The point: publish the failure cases. A Spirit that hides its weaknesses can't be trusted in production. Tasting Notes make it cheap to be honest.

🛢

Aging in Casks

= continued training / RLHF / refresh

Spirits aren't static. As your task drifts (new tool added, new edge cases discovered), you re-age the Spirit — continue training on a new Mash slice. This is the same as "continued fine-tuning" or "incremental retraining" in ML lingo.

v0.3 will ship explicit aging support — version lineage tracked, deltas measured.

🍾

Bottling

= export to deployable format

Converts the in-training PyTorch state into a target runtime format:

.pt — PyTorch native. Easy continuation, Python-only.
.onnx — cross-runtime (CPU/GPU/edge, Rust/JS/Go/Java).
.gguf — quantized for llama.cpp, mobile, embedded.
.wasm — runs in the browser. (v0.5+.)

Each format is a different tradeoff between portability, size, and accuracy. Quantizing to q4 GGUF gets you to ~25 MB but loses ~3-5 proof points on the eval.

🏛

The Cellar

= your model library

A Cellar is just a directory of Spirits. Each one has Tasting Notes, a Recipe, and a download. Public Cellars (like the one at /cellar) are shared model showcases. Private Cellars are local-only.

Hosted private Cellars are a future feature, not v0.1.

👨‍🏫

Teacher / Student

= the classic distillation pair

The teacher is a large, capable model (Gemini 2.5 Flash, Claude Sonnet, GPT-4o).

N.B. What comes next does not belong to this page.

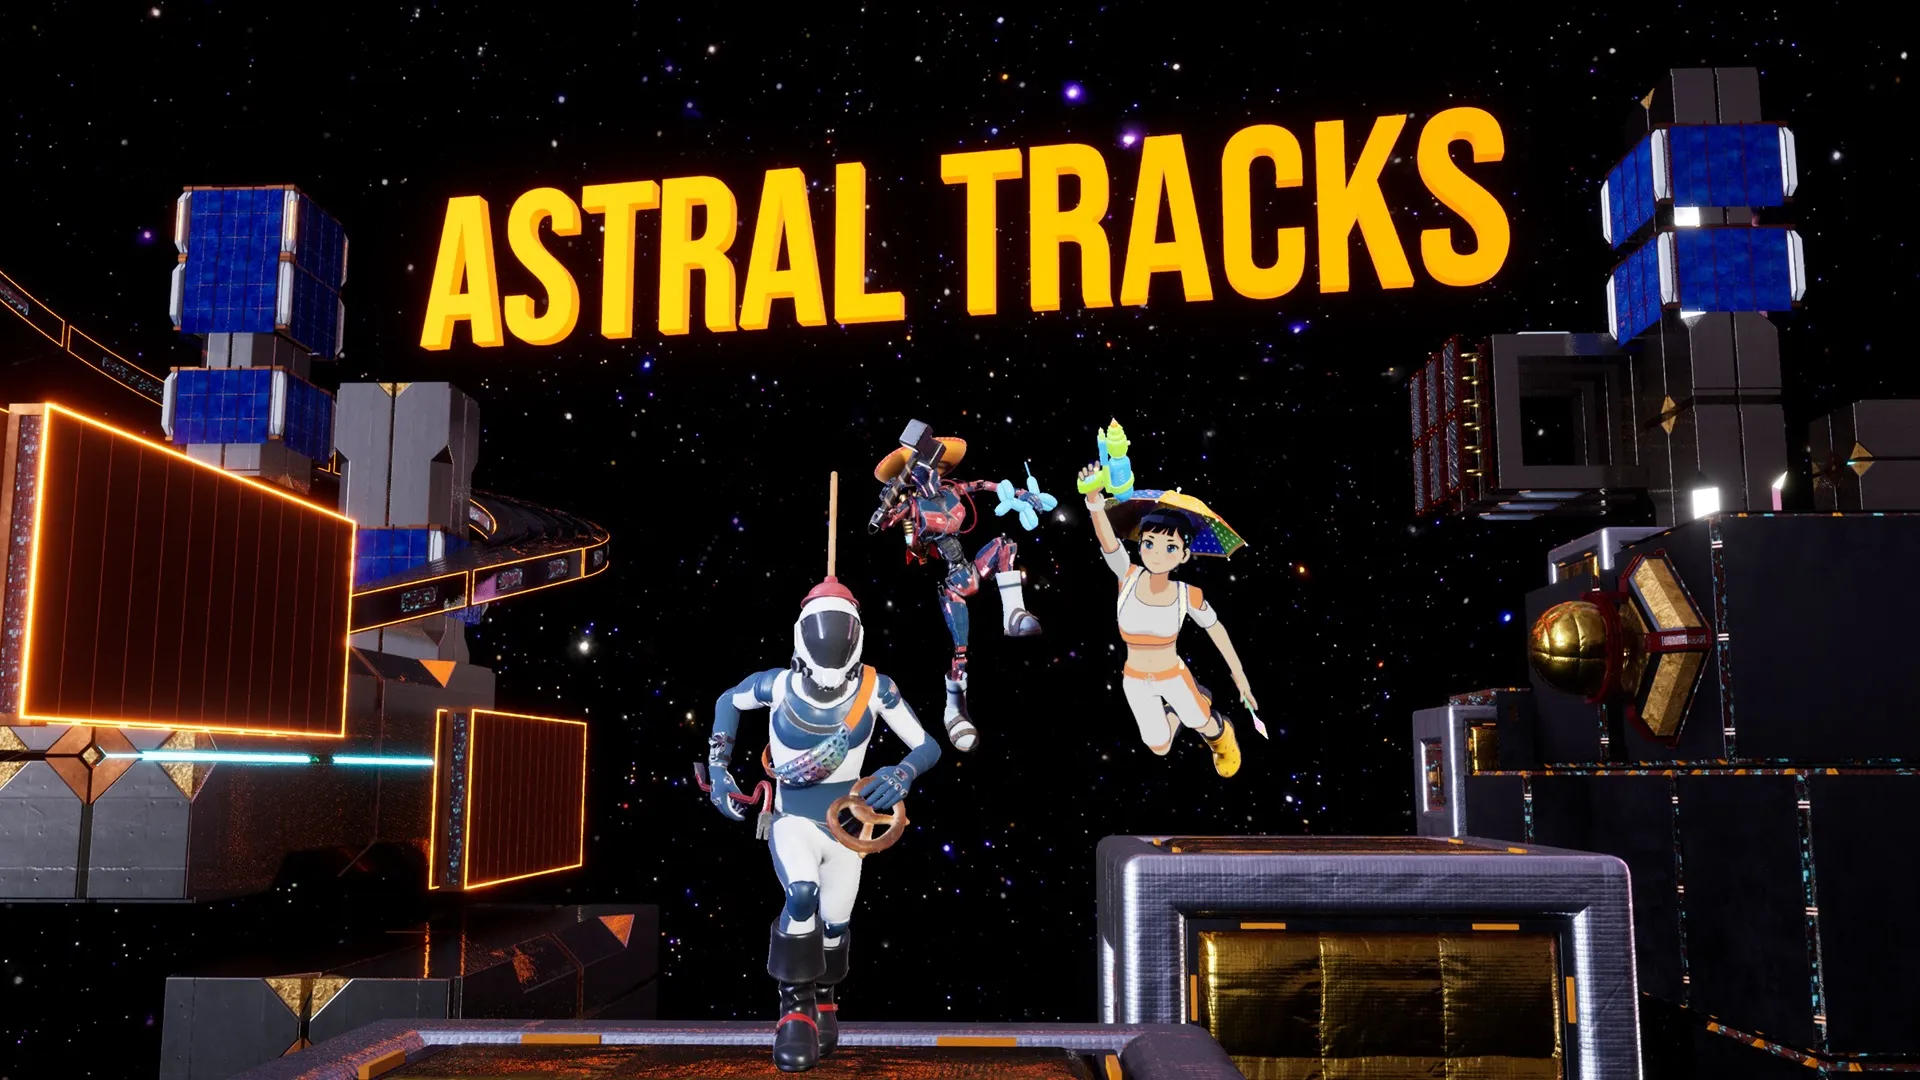 Astral Tracks rog ally game settings

The student is the small model you're training. The teacher emits training examples; the student learns to mimic them on the specific task.

Distillarium is "data distillation" — the student learns from the teacher's outputs, not its logits. (Logit-based distillation is a different technique that requires direct model access. Both work; ours is simpler and works with any API teacher.)